▼
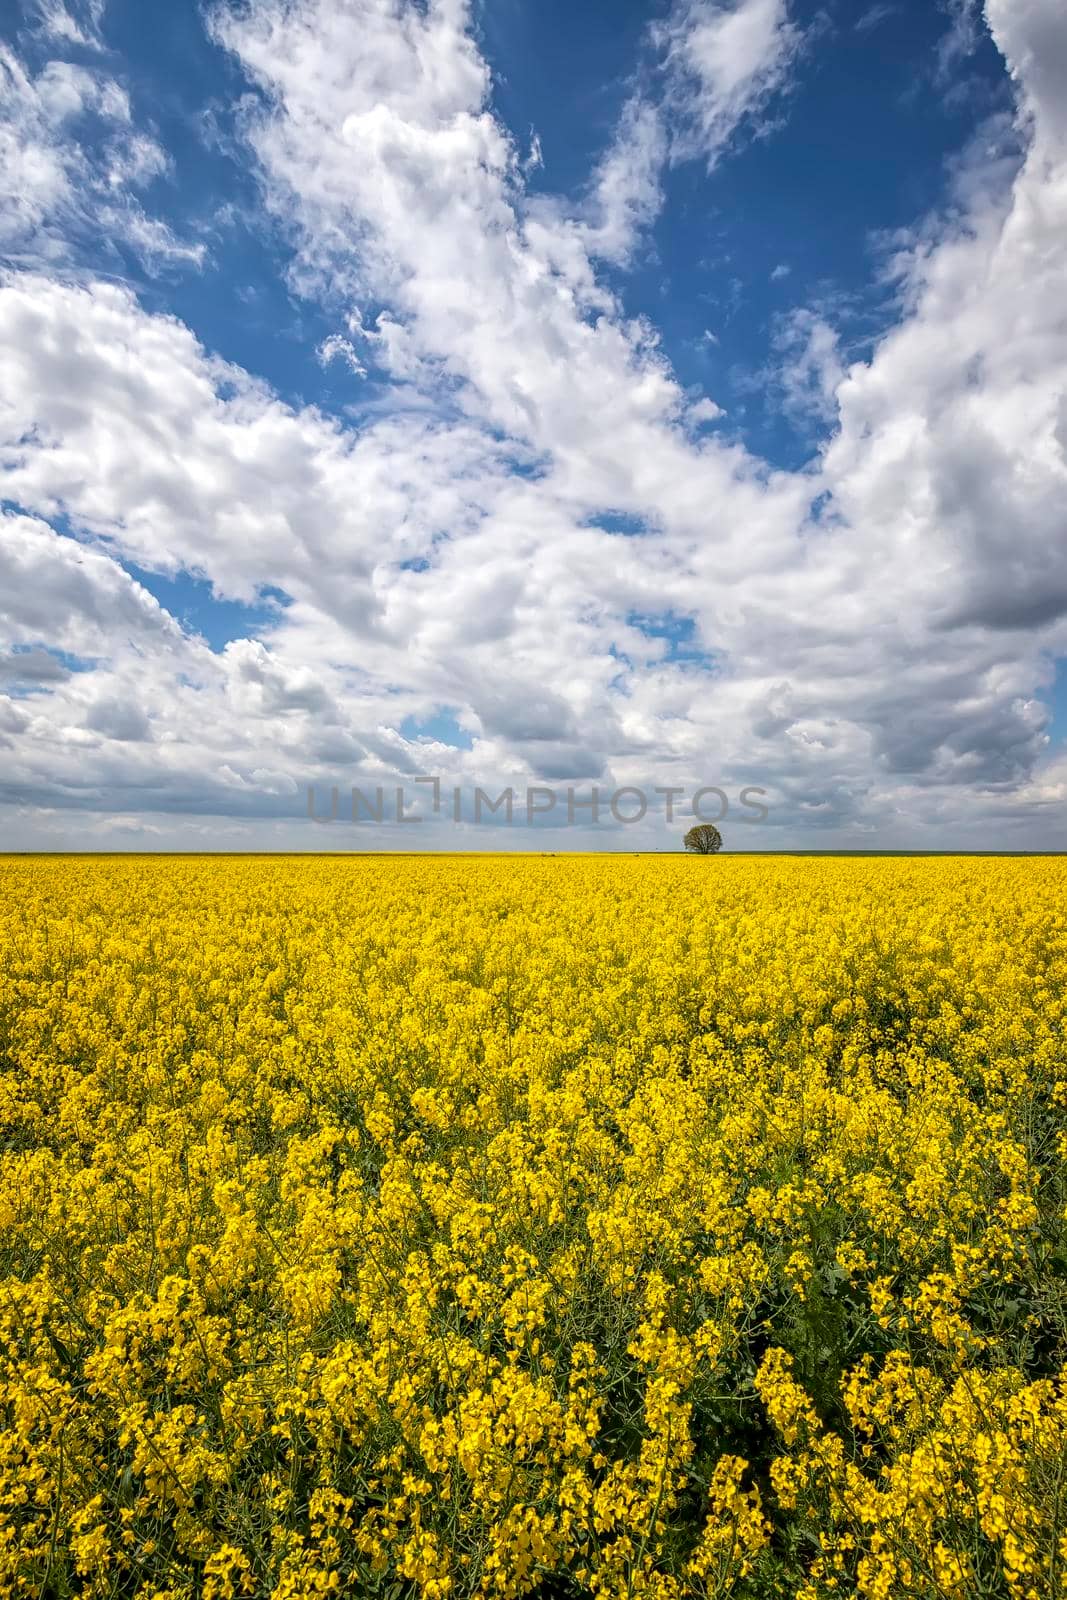 Day landscape with yellow rapeseed field with a lonely tree and amazing sky with clouds by EdVal
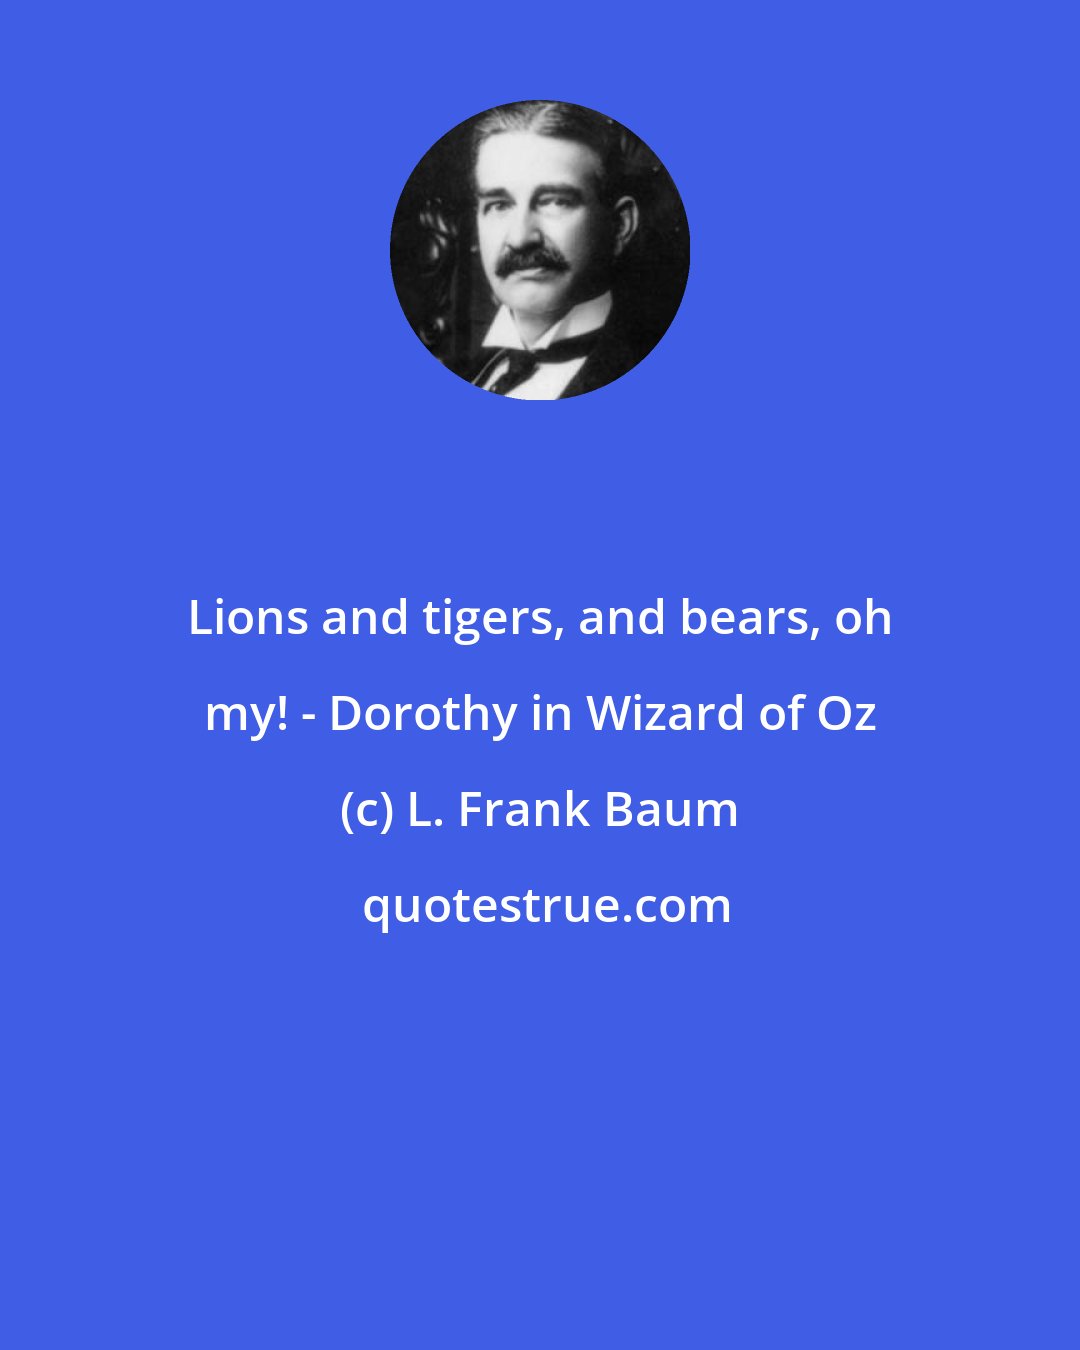 L. Frank Baum: Lions and tigers, and bears, oh my! - Dorothy in Wizard of Oz
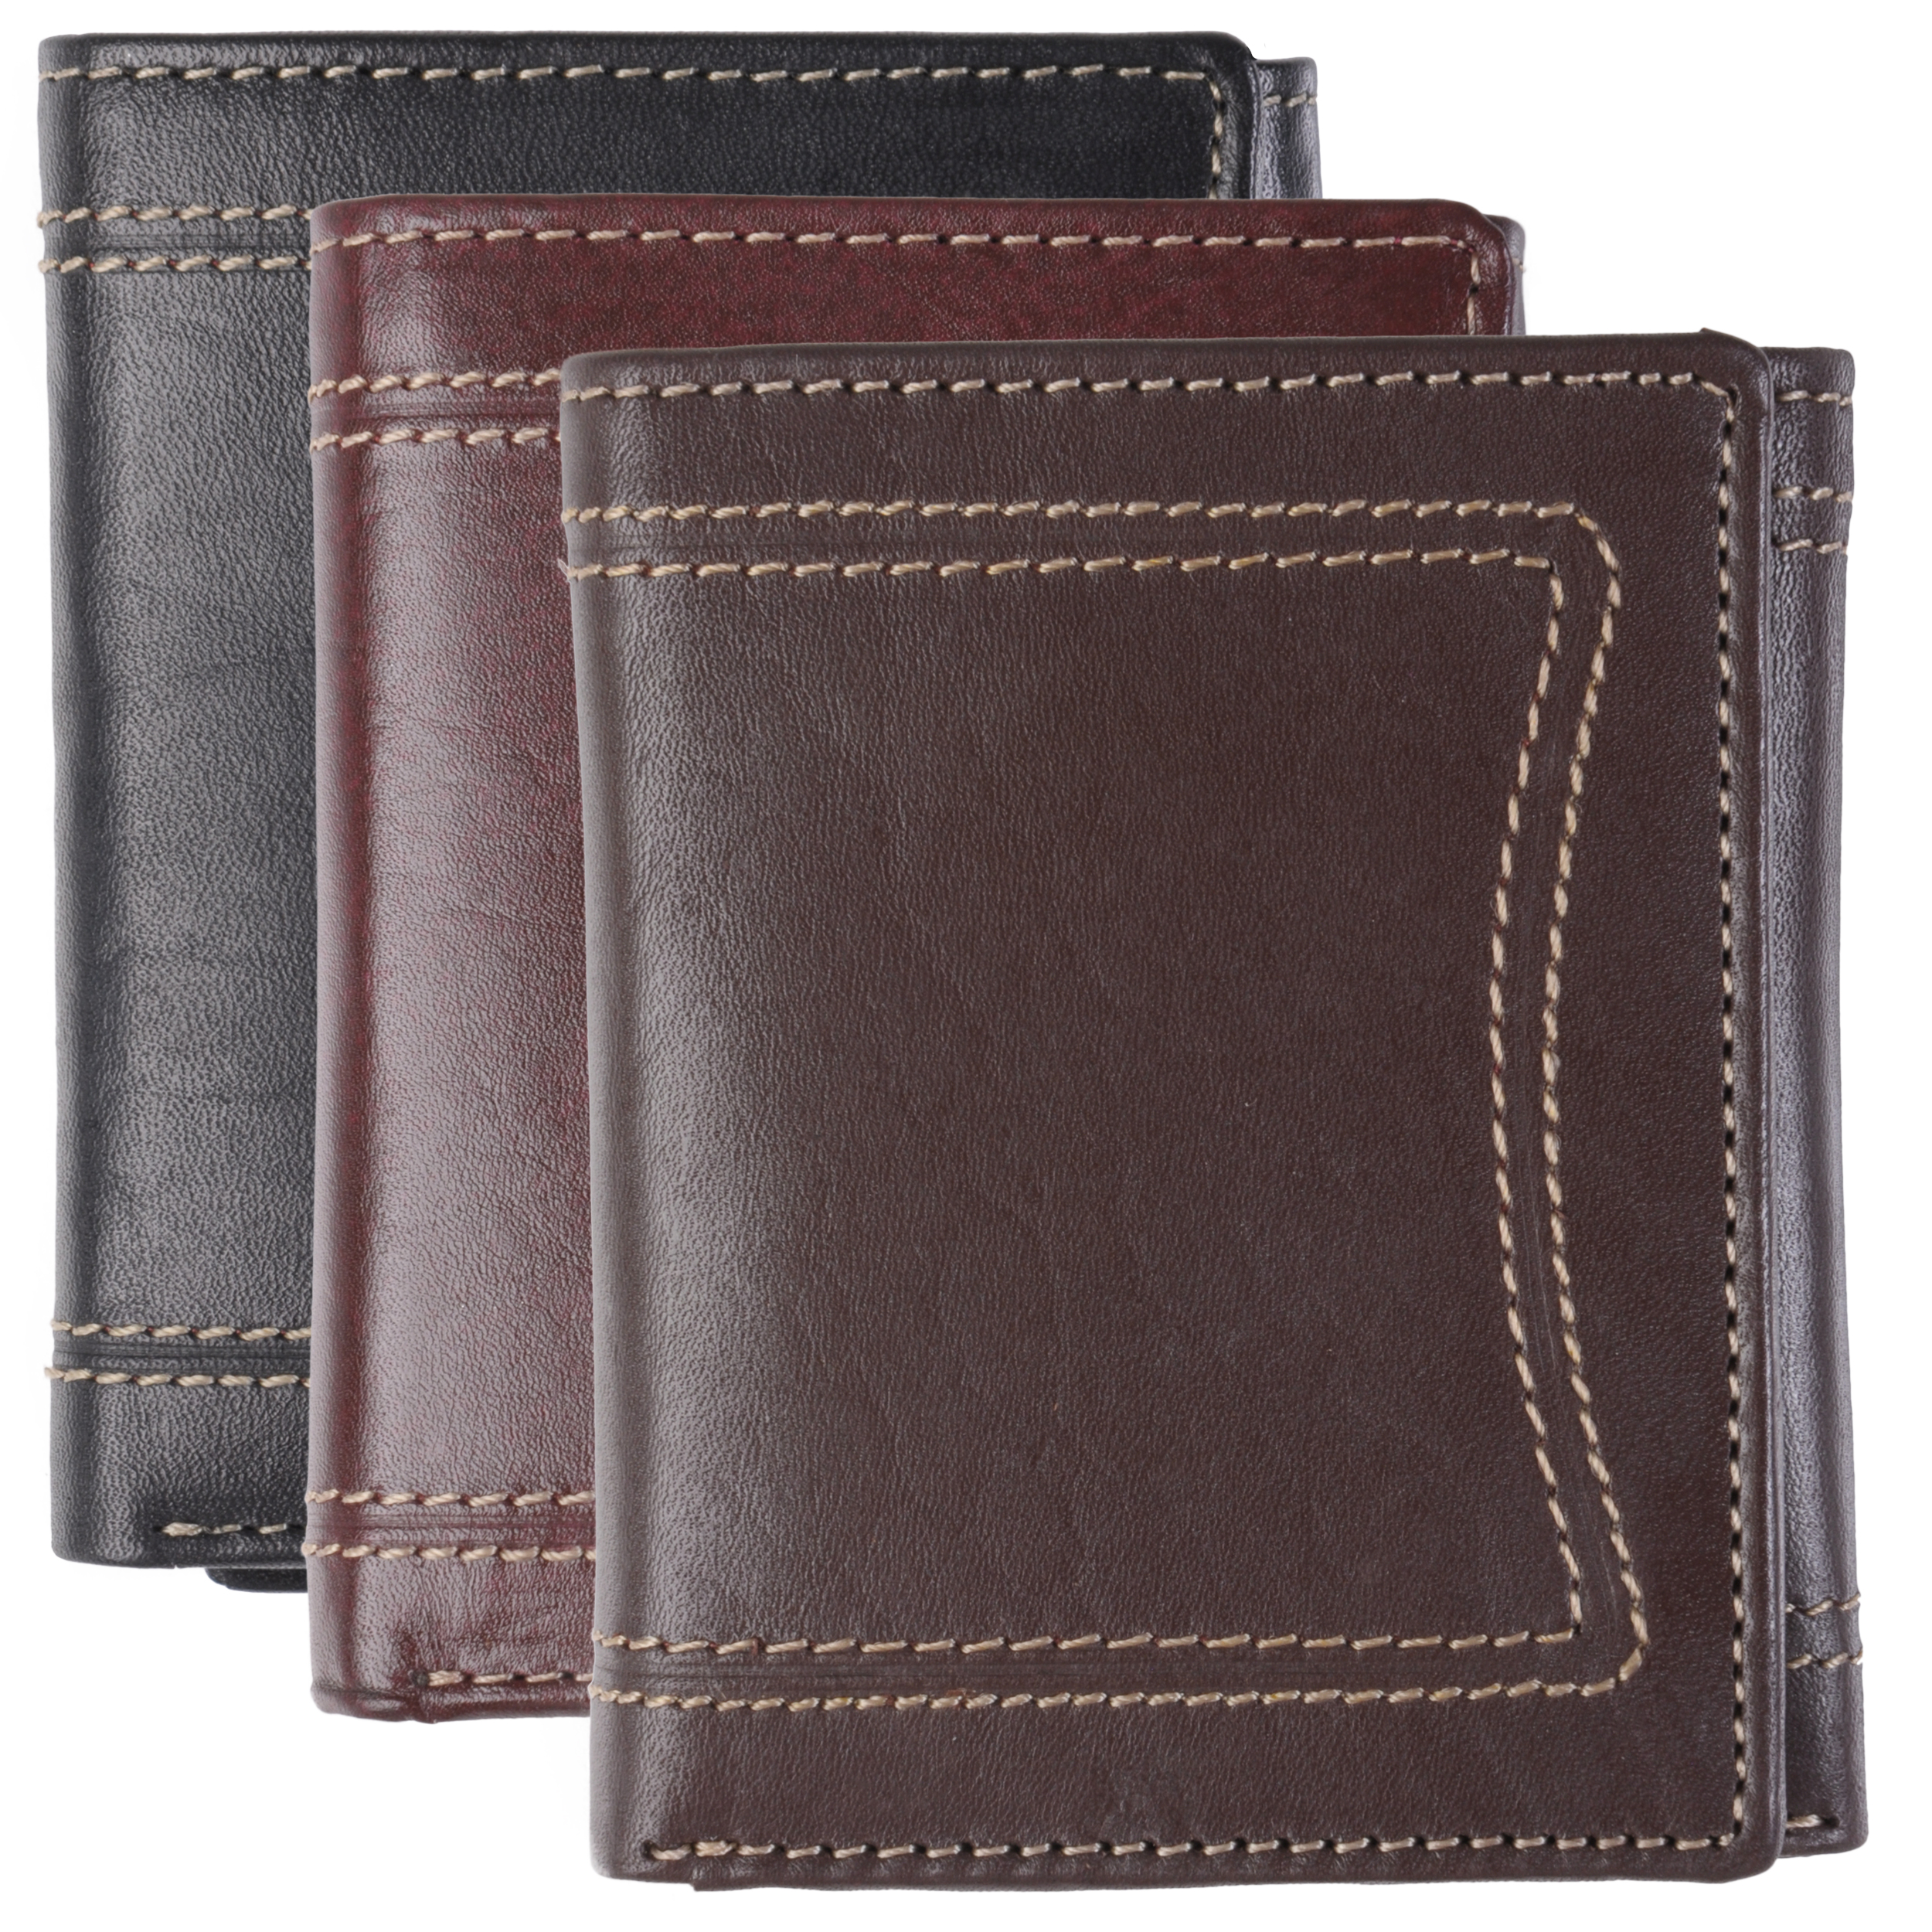 Daxx Mens Topstitched Tri-fold Genuine Leather Wallet
▲
▶ TASK TO COMPLETE: When you reach an image, pass over it, and retype all other material exactly.

▶ RESULT FOR THIS EXERCISE:
 Day landscape with yellow rapeseed field with a lonely tree and amazing sky with clouds by EdVal
 L. Frank Baum: Lions and tigers, and bears, oh my! - Dorothy in Wizard of Oz
 Daxx Mens Topstitched Tri-fold Genuine Leather Wallet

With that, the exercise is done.